Given material
★ ★ ★ ★ ★

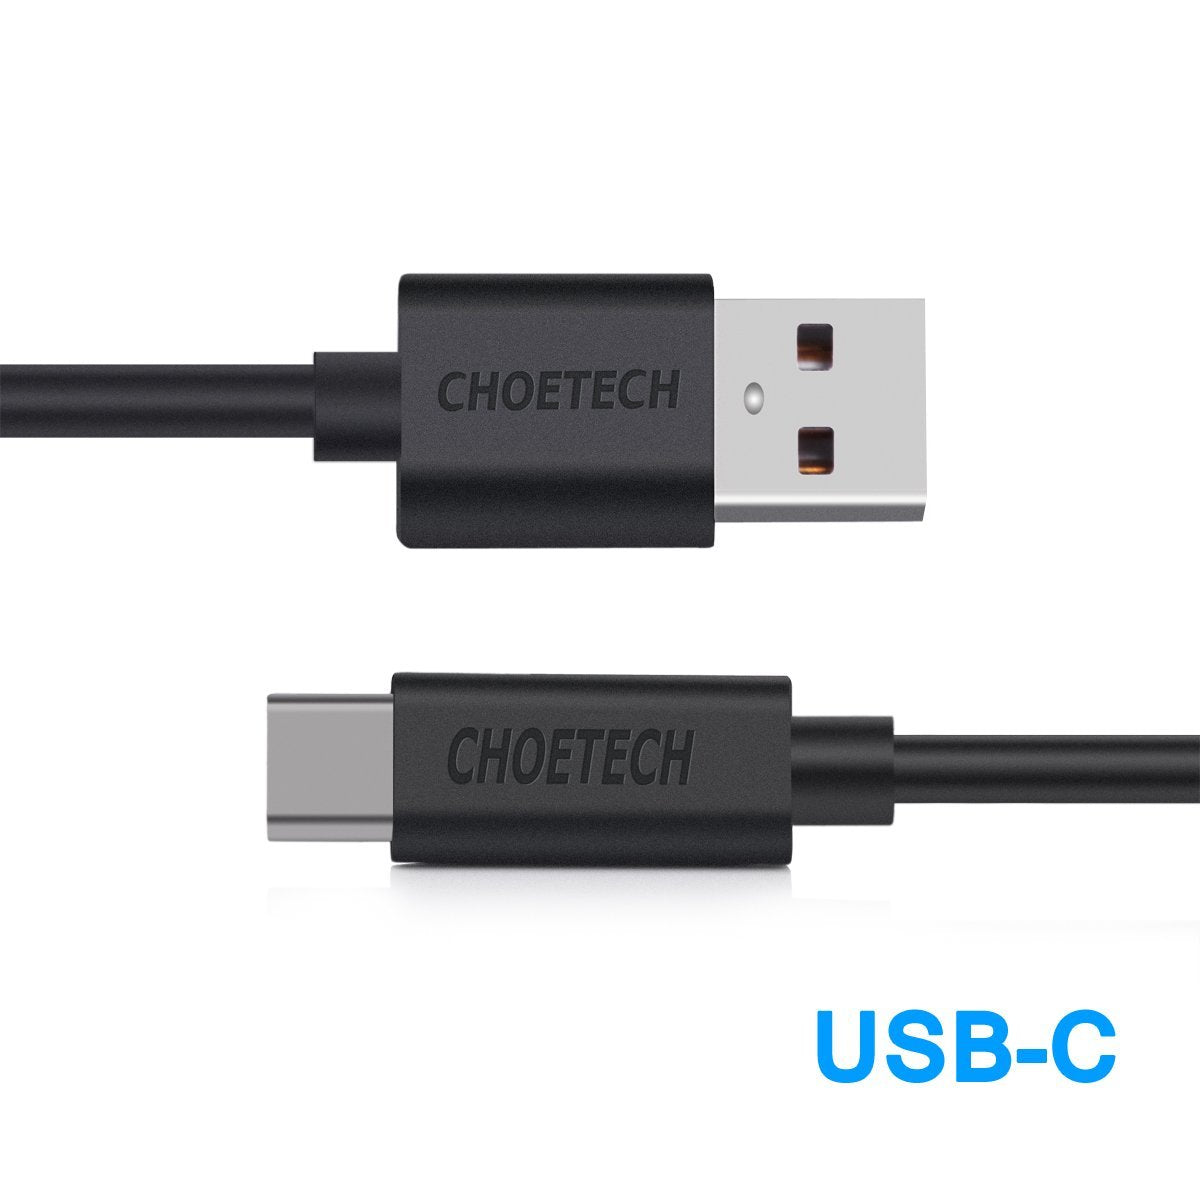 AC0004 CHOETECH USB Typ C Kabel [3 m] USB C auf USB A 2.0 Schnelllade- und Datensynchronisierungskabel Kompatibel mit Samsung Galaxy S10 S9 S8 S9 Plus, Nintendo Switch, LG G5 G6 V20 V30, HTC 10 U11
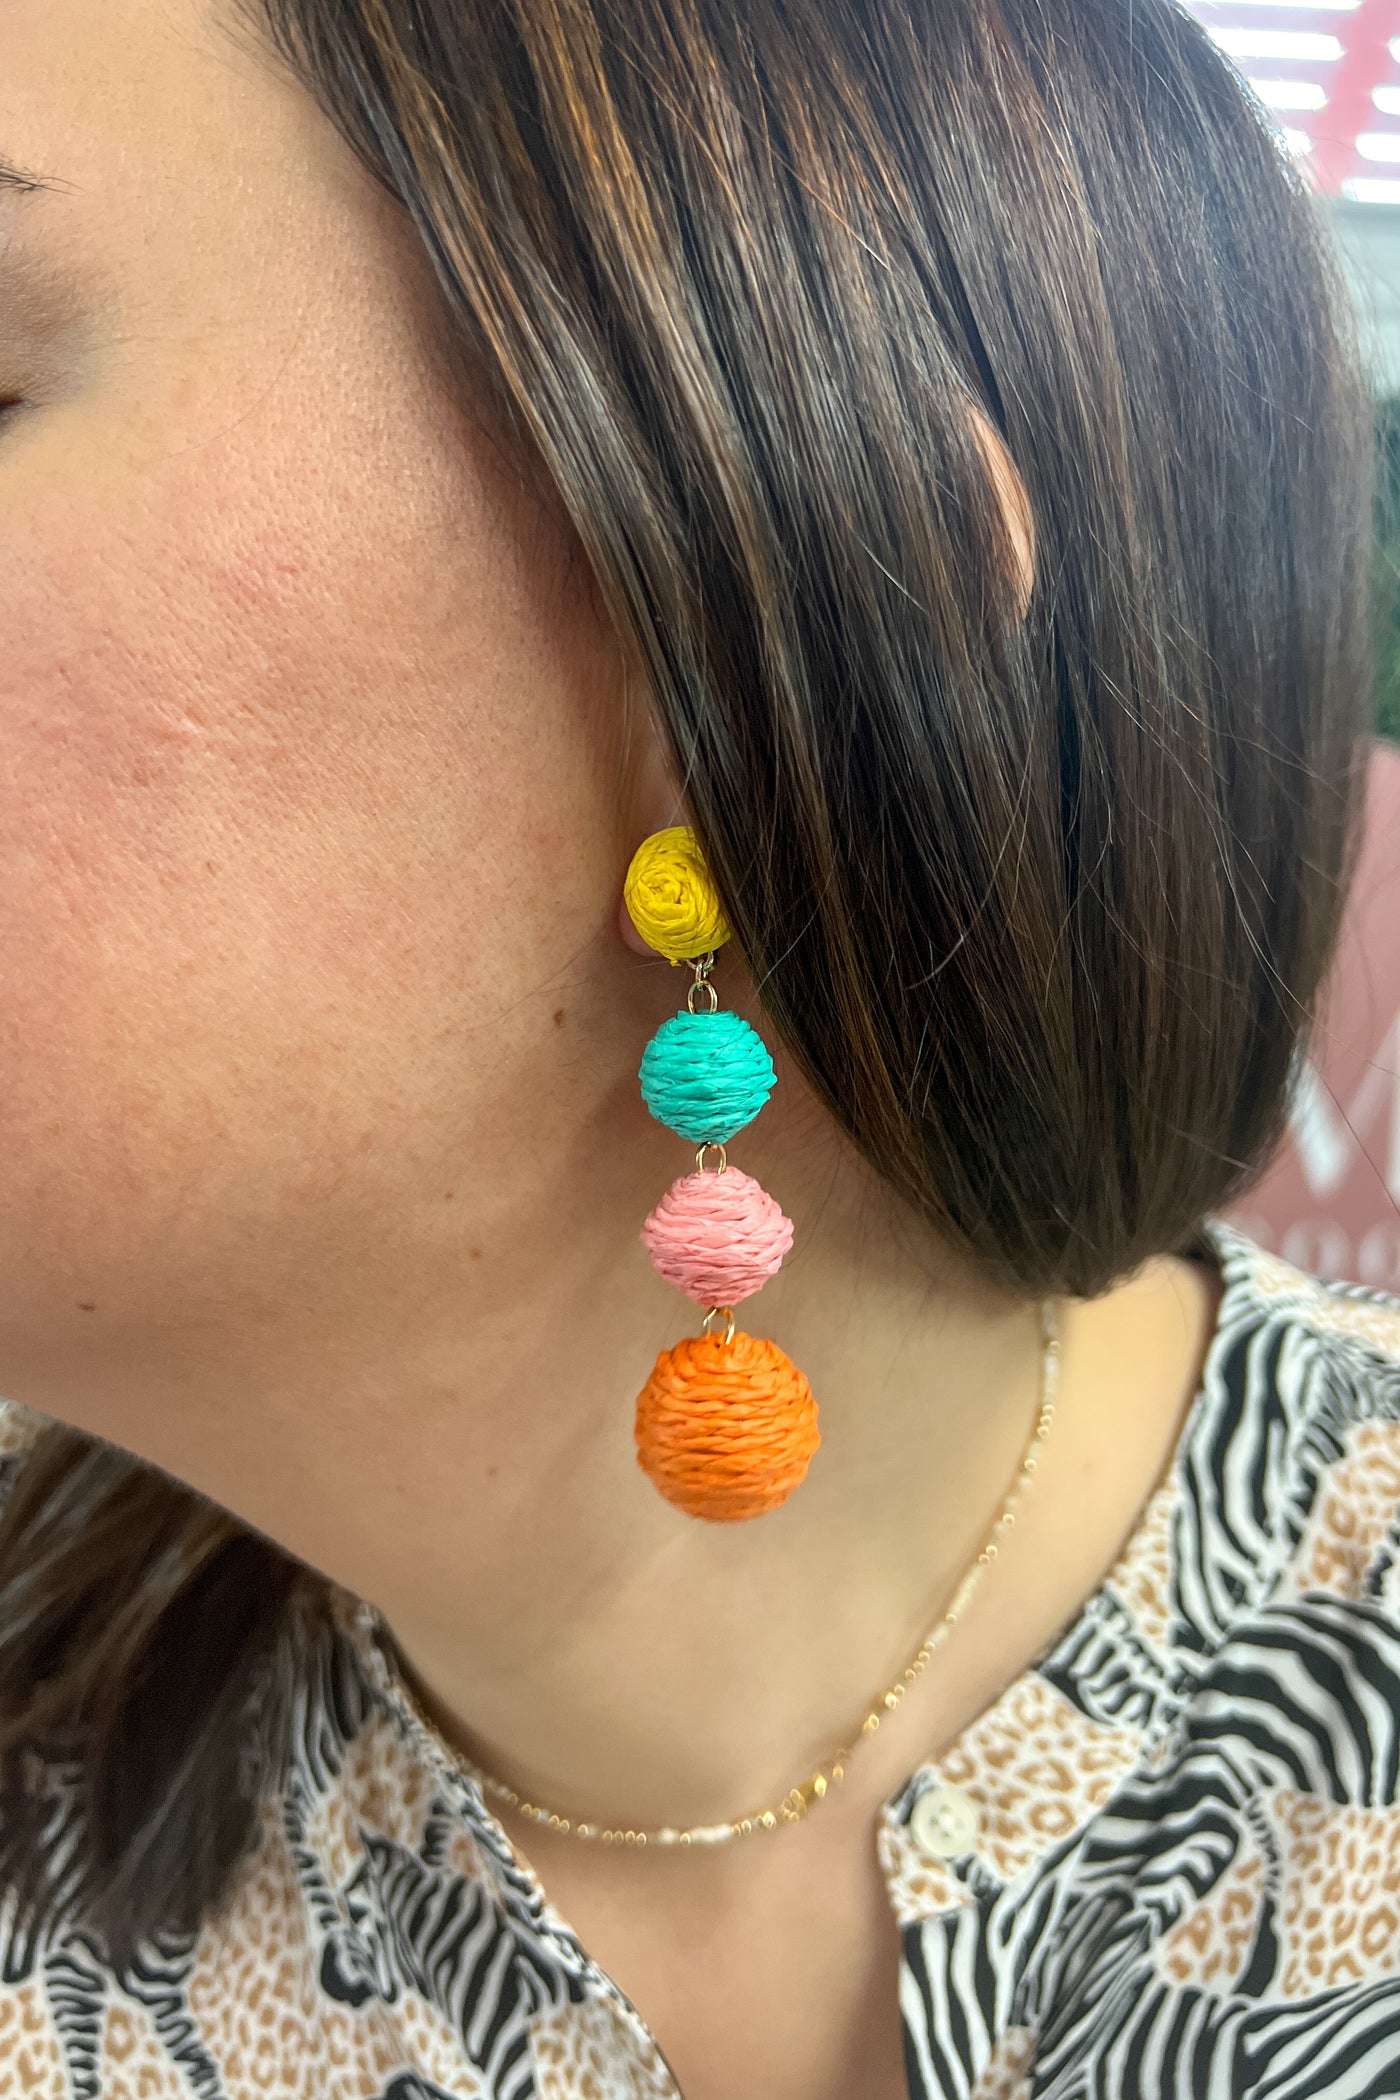 Raffia ball earrings, neon
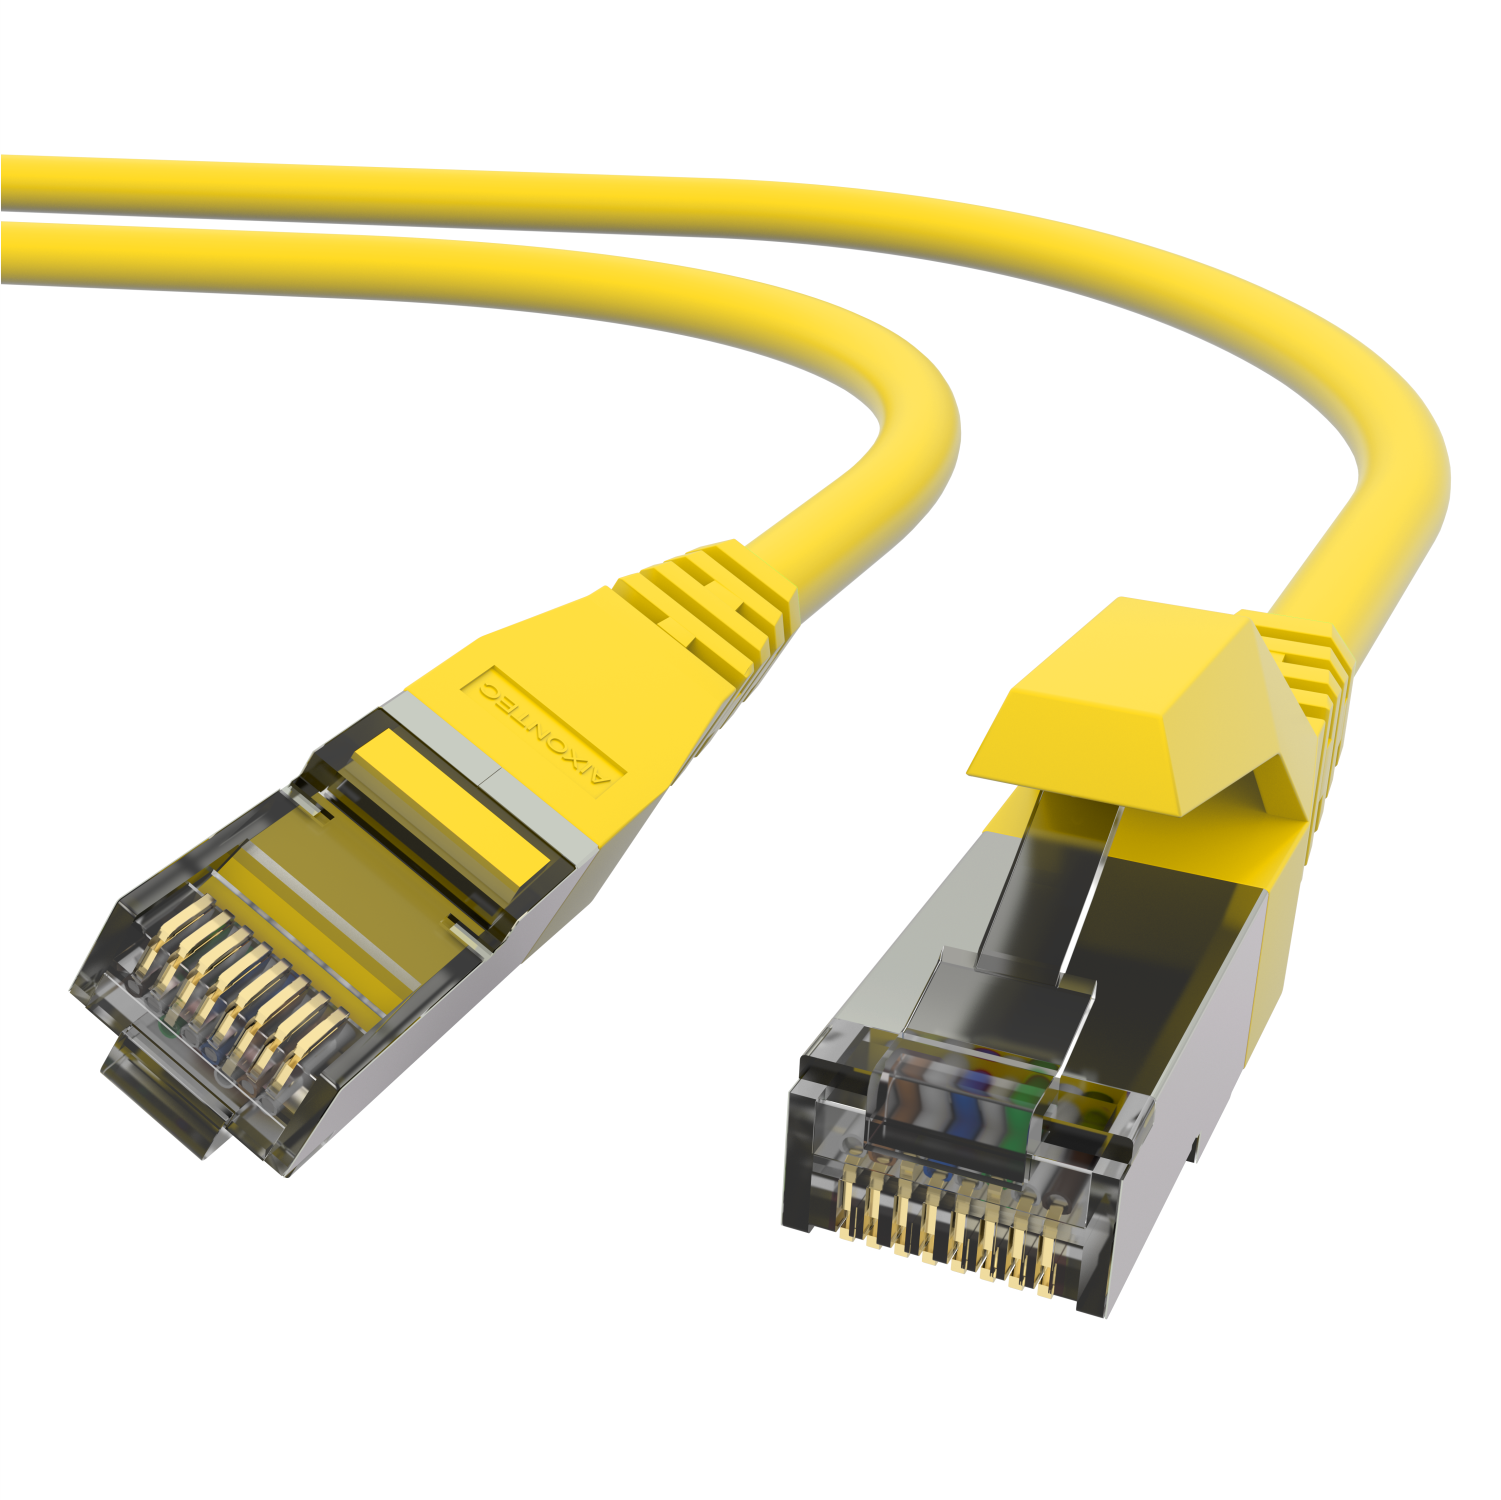 10,0 Ethernetkabel Cat.6 10m Lankabel AIXONTEC Patchkabel m Gigabit, Netzwerkkabel, RJ45 10

★ ★ ★ ★ ★

Problem details
Retype precisely, and only, the lines from the one holding "Raffia ball earrings, neon" through the final line of the data above, with the pictures omitted.

Your response
 Raffia ball earrings, neon
 10,0 Ethernetkabel Cat.6 10m Lankabel AIXONTEC Patchkabel m Gigabit, Netzwerkkabel, RJ45 10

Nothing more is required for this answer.